Mr Miliband had written an article which many read as an attempt to place himself as a future Labour leader.
But Schools Secretary Ed Balls told BBC One's Andrew Marr Show there was no reason for Mr Brown to stand aside.
In the interview with the Sunday Telegraph, Mr Cameron said that if Labour did get rid of Gordon Brown then it would have to call a general election.
"It would be quite outrageous to have two unelected PMs foisted on us one after the other," Mr Cameron said.
"So I say to the Labour Party, the foreign secretary and everyone included - make up your mind - back the guy or sack the guy.
"Behaving as you are for the moment is bad for the country."
The Tory leader also said that the government's scheme to offer a stamp duty holiday for a year on home sales worth less than £175,000 was a "short-term popularity package for Gordon Brown".
He revealed that his party's election planning committee was now in operation. This was in case Mr Brown was removed "within weeks", and a snap election was called by his successor.
Brown 'doing well'
However Mr Balls defended his leader for "doing well in a really, really difficult time."
Asked if Mr Brown should stand down to give Labour a better chance of winning the next general election, he replied: "Of course I don't."
He said that leaders around the world were having a difficult time because of the state of the economy.
"But things can change fast," he added.
Mr Balls said Britain needed a "tough , resilient and determined" leader, who had had experience, and who "would not be pushed around on a daily basis by the media."
Mr Brown would do "the right thing by the British people on the economy and jobs" he said.
Rather than change leader Mr Balls said Labour needed to show "determination and steel and unity" and said the next general election was not lost.

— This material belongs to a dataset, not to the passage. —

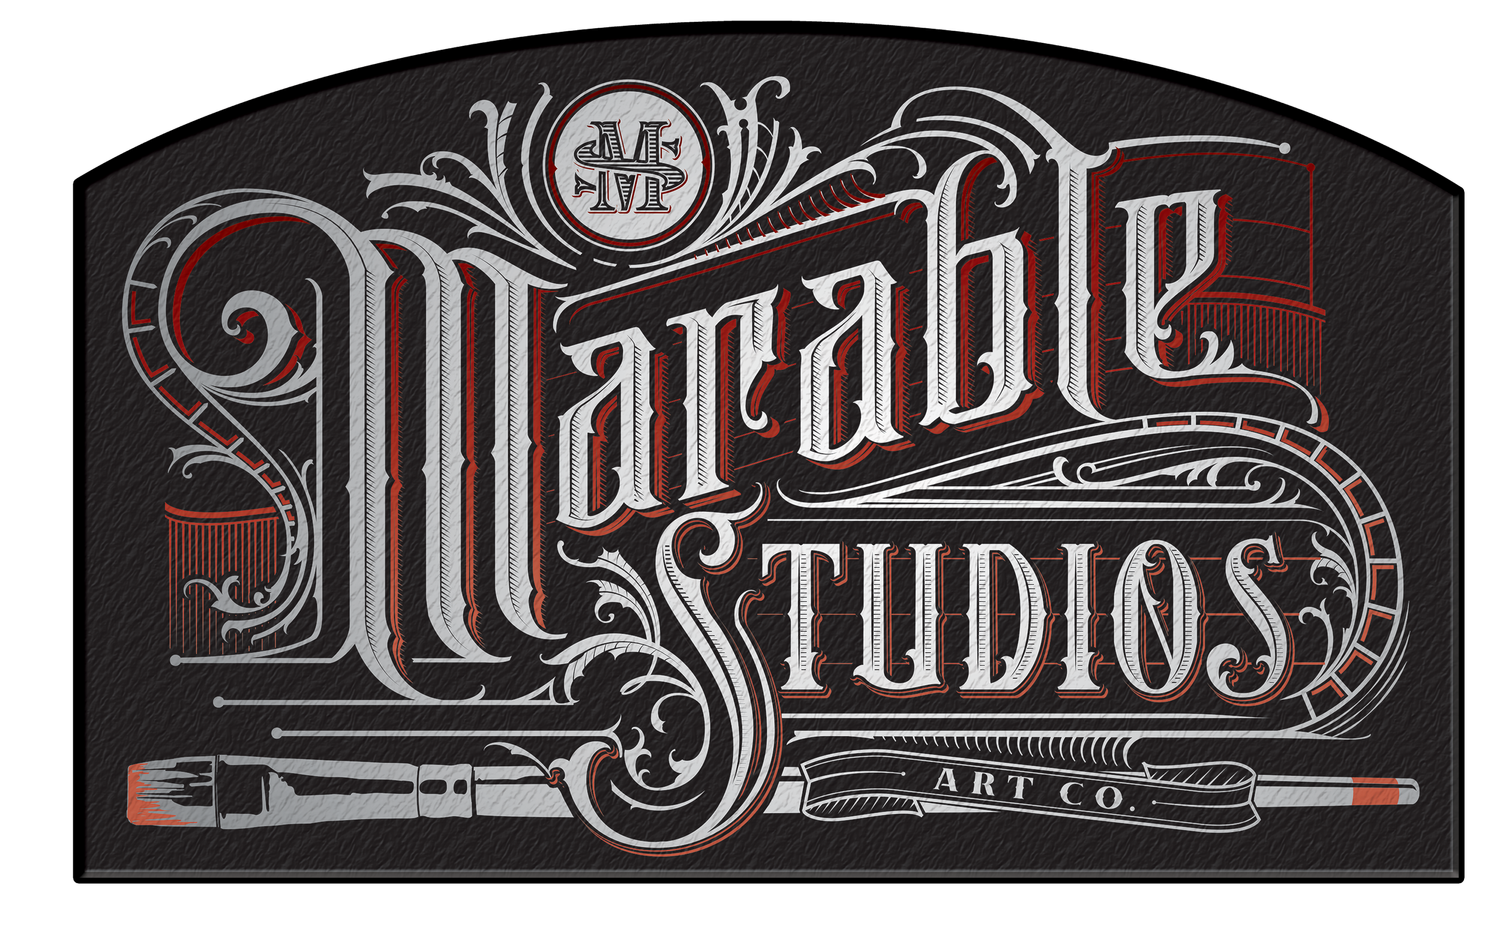 Marable Studios Art Co.

Previous prime ministers Tony Blair, John Major and Margaret Thatcher had been behind in the polls in 2004, 1991 and 1986 and had managed to win general elections in the following years, he added.

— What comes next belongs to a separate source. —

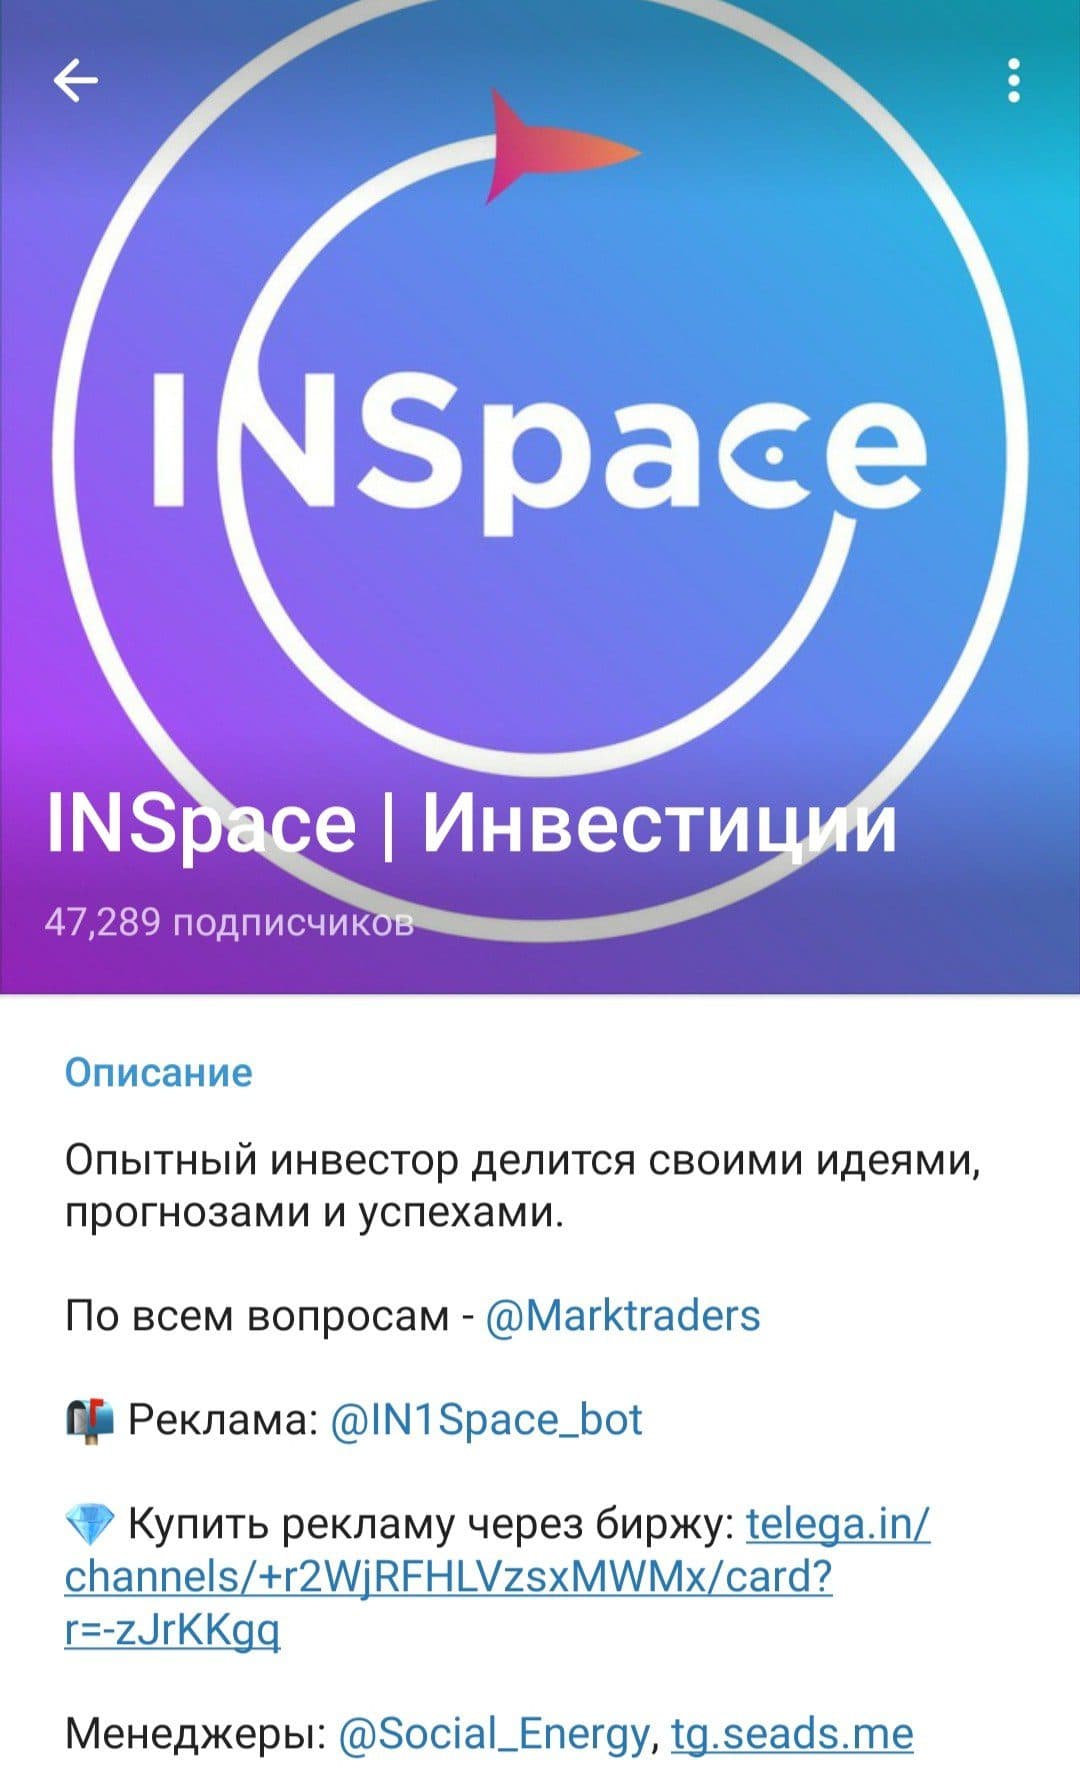 INSpace Инвестиции телеграм

"They stuck to their nerve and stuck to the long term and came back to win and we can do the same," said Mr Balls, who added that Labour needed to "take the gloves off and take the fight to the Conservatives".
He also said there was no reason why the UK economy could not bounce back over the next 18 months.
Meanwhile, Mr Cameron has also hinted at possible tax cuts under a Conservative government.
He said it was right for those who "put their backs into the British economy" to be rewarded in the form of tax cuts.
Asked about his tax policy, Mr Cameron told the Sunday Telegraph: "It's an approach over an economic cycle and what it means is, at the end of the cycle, the state will be taking a lower share of national income in taxes."